#Article (Archive)

The rainy season is here

Jun 28, 2017, 10:37 AM

Finally, the Greater Banjul Area and the Kanifing Municipality also have had their first drop of this year’s rainy season.  After the last heat waves that hit the country the last couple of weeks, we were all praying for rain and eventually god answered our prayers as the first rainfall has touched the ground.

We prayed for rainfall not just because of its coolness, but it is ordinarily supposed to be a season of blessing because after all, there is no life without water and almost no food in Gambia without our rain-dependent agriculture.

However, with the increasing impact of climate change on the rainfall pattern, the rainy season is now a period of torment in the country not because malaria and diarrhoea are at peak during this period. It is tormenting in the Greater Banjul and Kanifing Municipality not only to individual households but also to the general public general because of the poor infrastructure and bad physical planning of our highways.

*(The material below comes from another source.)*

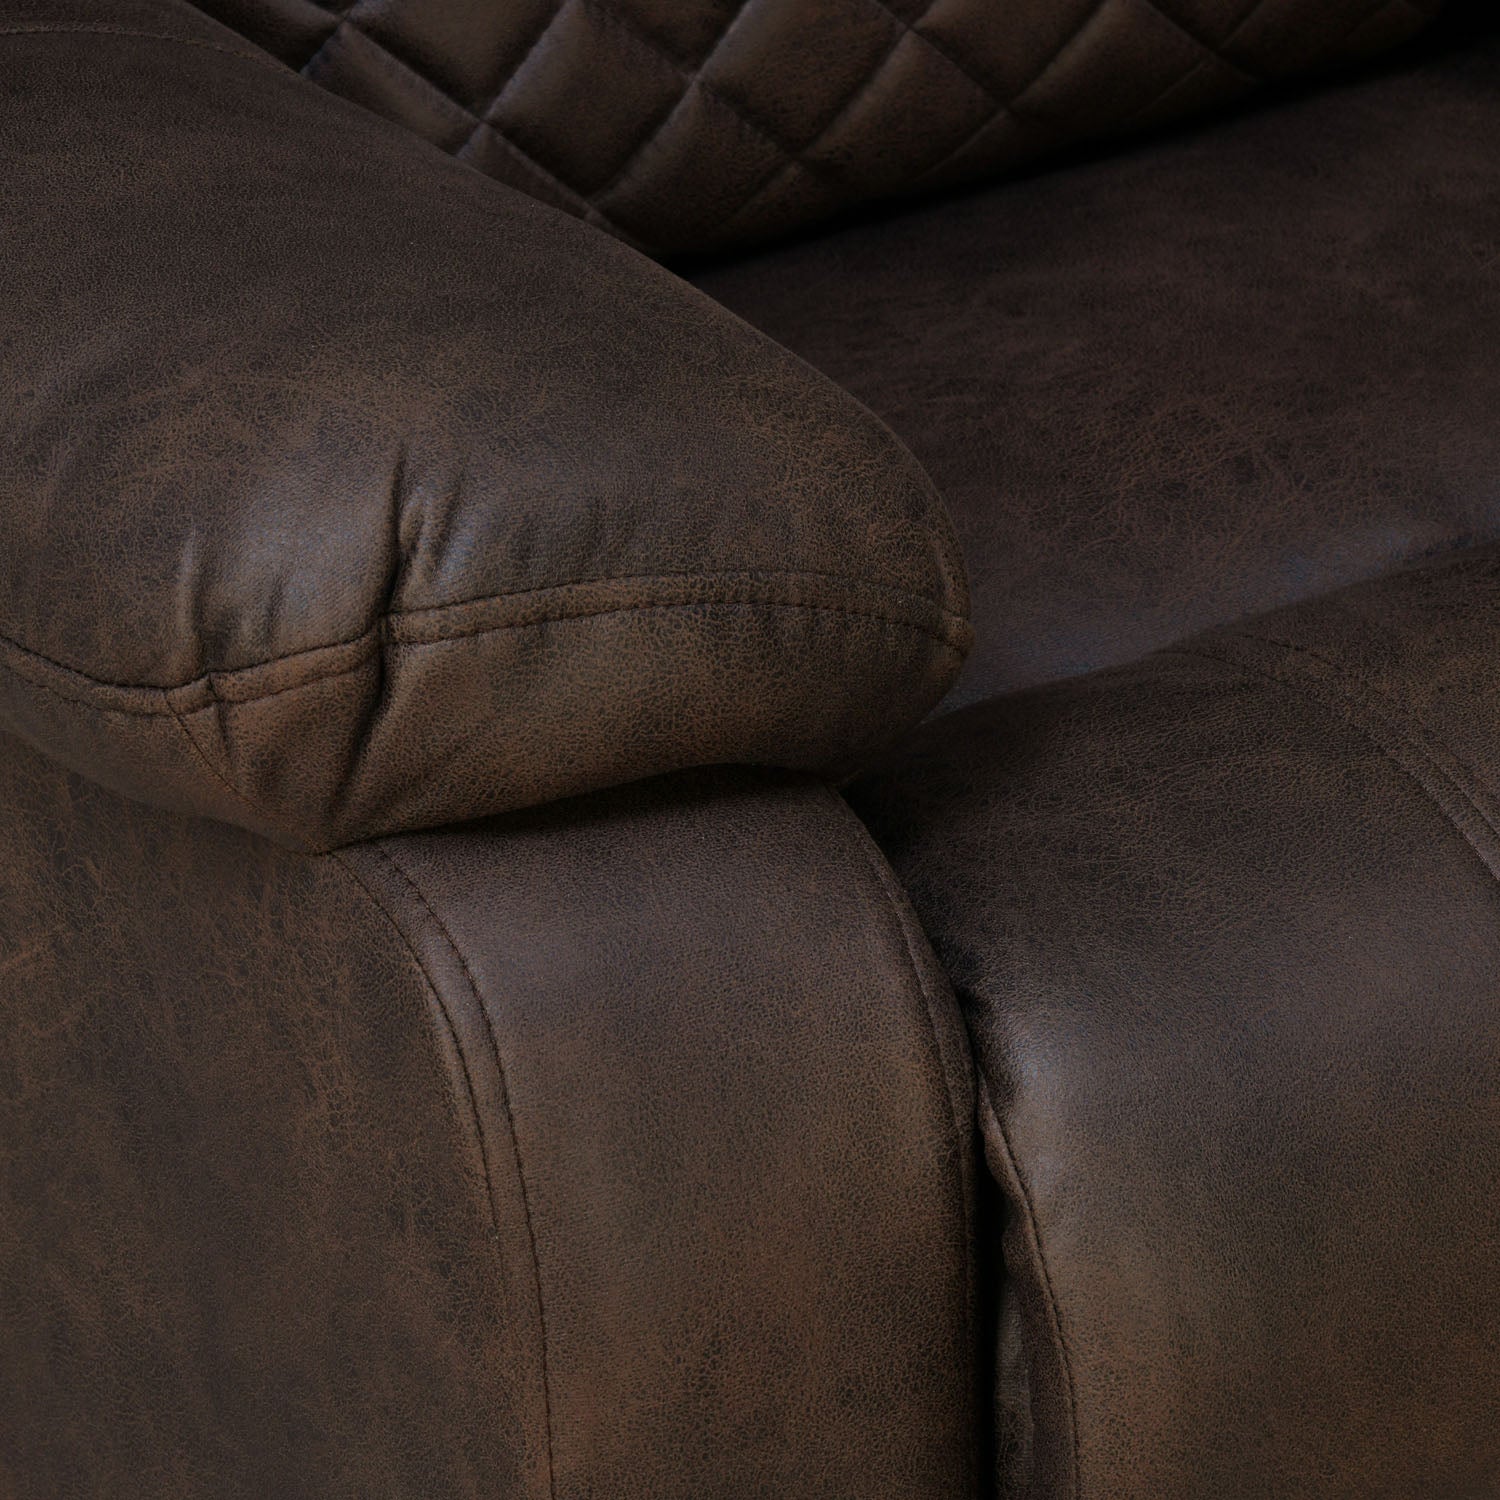 Dallas 3 Seater Fabric Electric Recliner (Brown)
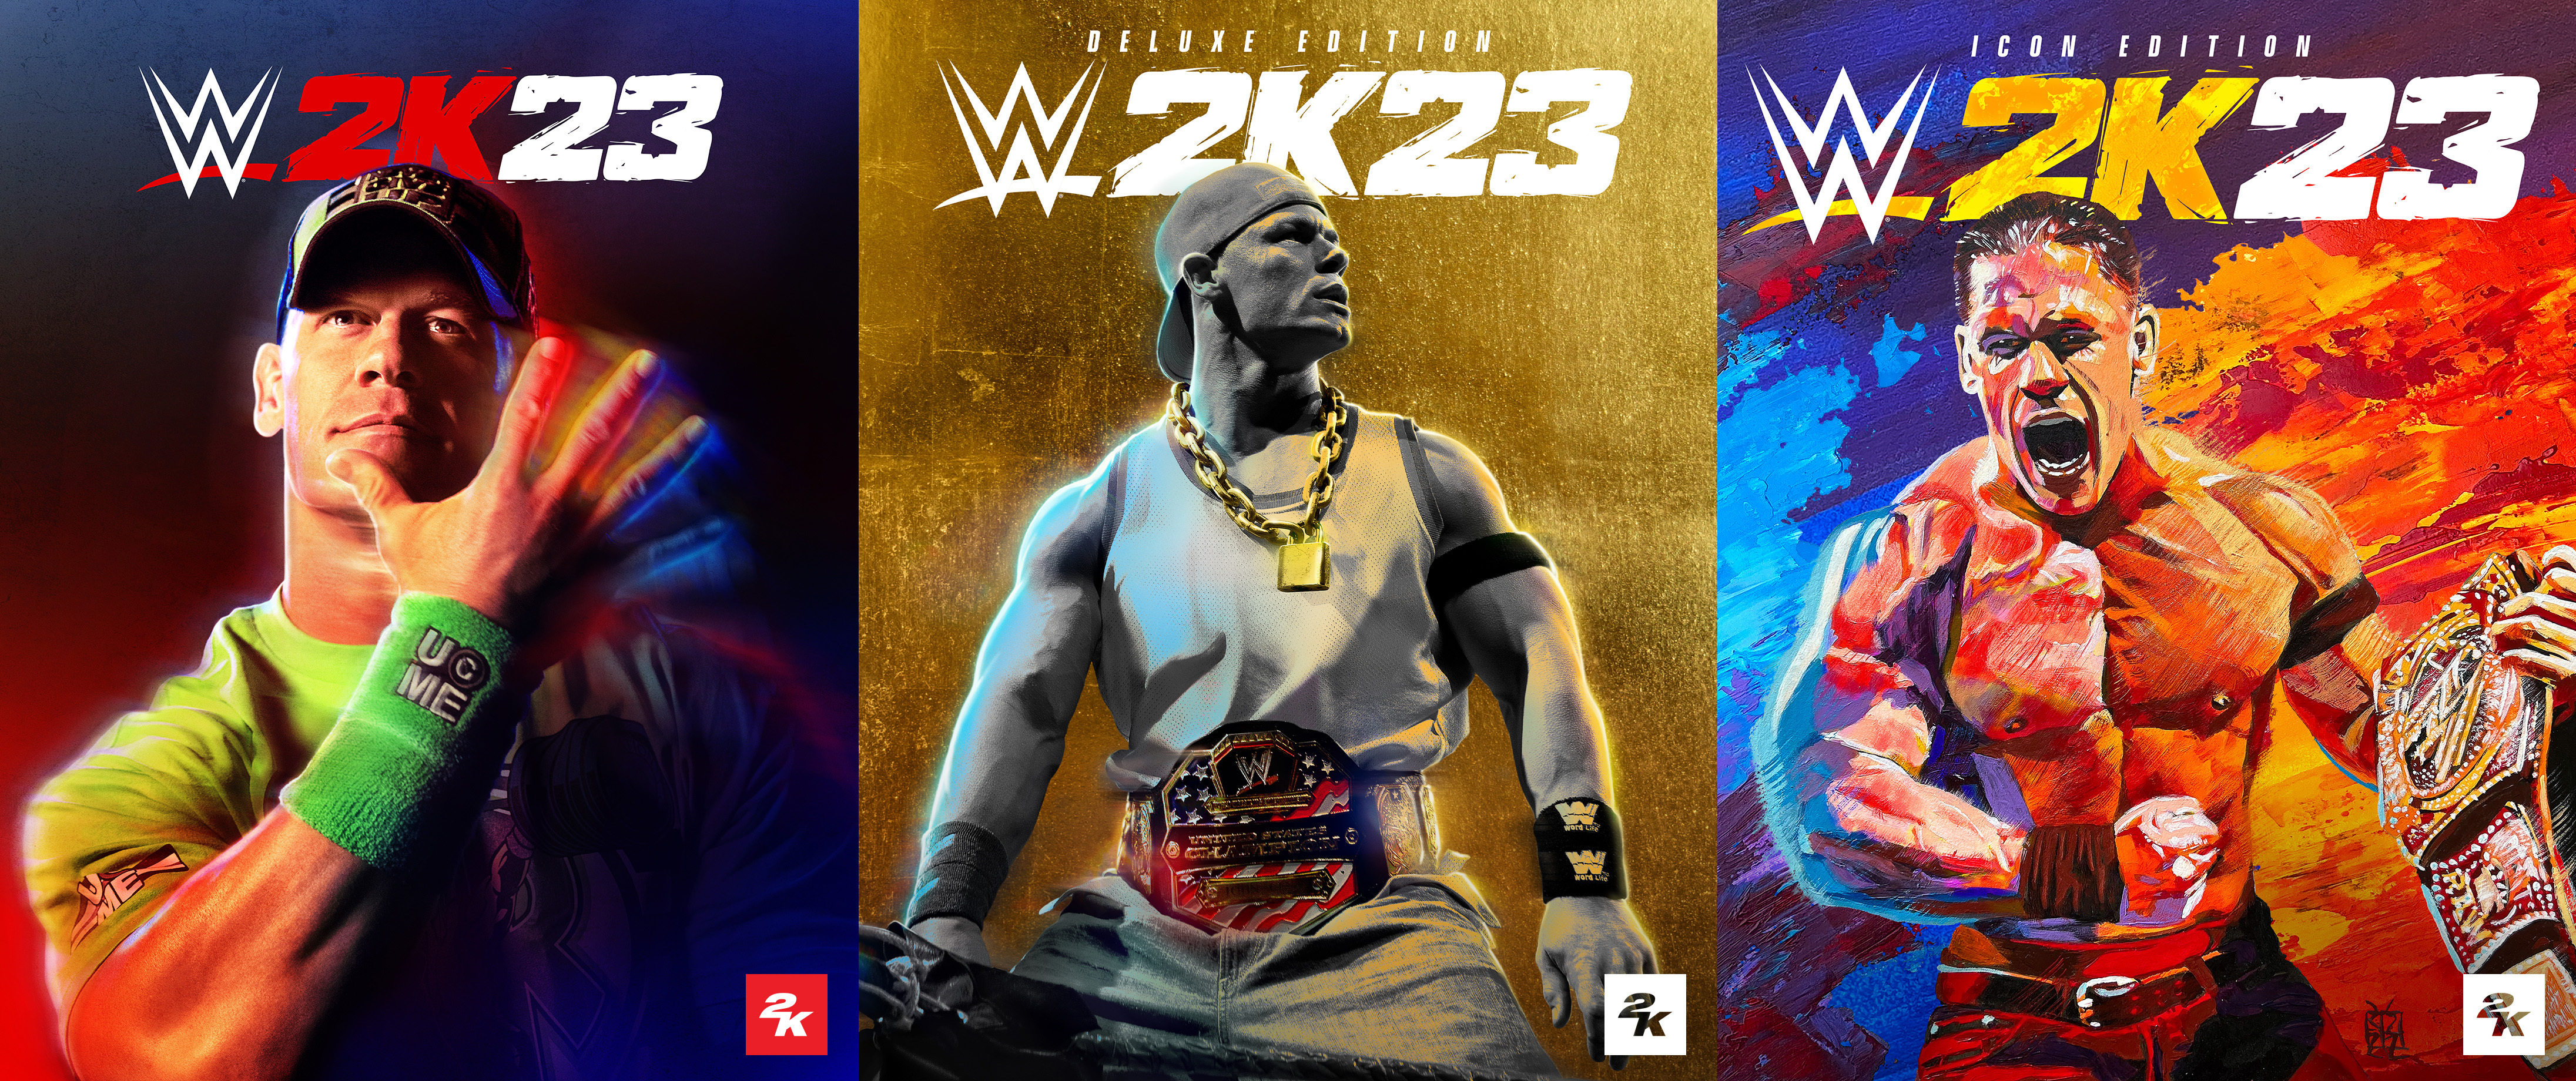 John Cena appears on the cover of WWE 2K23.

One of the seemingly easiest ways to cope with the impacts of climate change is adaption and that entails rising to the occasion by preparing our environment and adjusting our infrastructures to cope with the changing circumstances of our rainfall pattern.

Some of the disasters and calamities related to the rainfall could be avoided if we, as individual households, the community and the government, try to employ to adaption measures.

Individual households at places like Ebo Town, where the first rainfall of the year is said to have caused havoc, could do little on their own. They need the intervention of the government but the government is seemingly not doing enough to help tackle the frequent flash flooding that characterise the community in recent years.

It is not enough to let the communities know that they are settled on waterways, but help with a possible relocation option with at least modest accommodation to continue their lives. 

Ebou Town, like several other communities in similar situation, need permanent solution to their annual predicament. 

But even aside from the communities, our during the rainy season, most of our roads, the major highways like Westfield-Brikama Highway, Berthil Harding Highway and Kairaba Avenue, are always immotorable because of their deplorable situation – too many potholes and stagnant water every where.  The road are always flooded and that makes it difficult travelling around town.

Also, the lack of a proper functioning drainage system has resulted to piles of filthy mud setting along the roadsides, making daily life activities very difficult for the residents and other business outlets along the street.

We reiterate that every effort should be employed in putting our roads, and the gutters, in a good state and finding a tangible and workable solution to the rain-related predicaments of communities like Ebo Town.  This process should start today.  Now.

“If the rain spoils our picnic, but saves a farmer’s crop, who are we to say it shouldn’t rain?”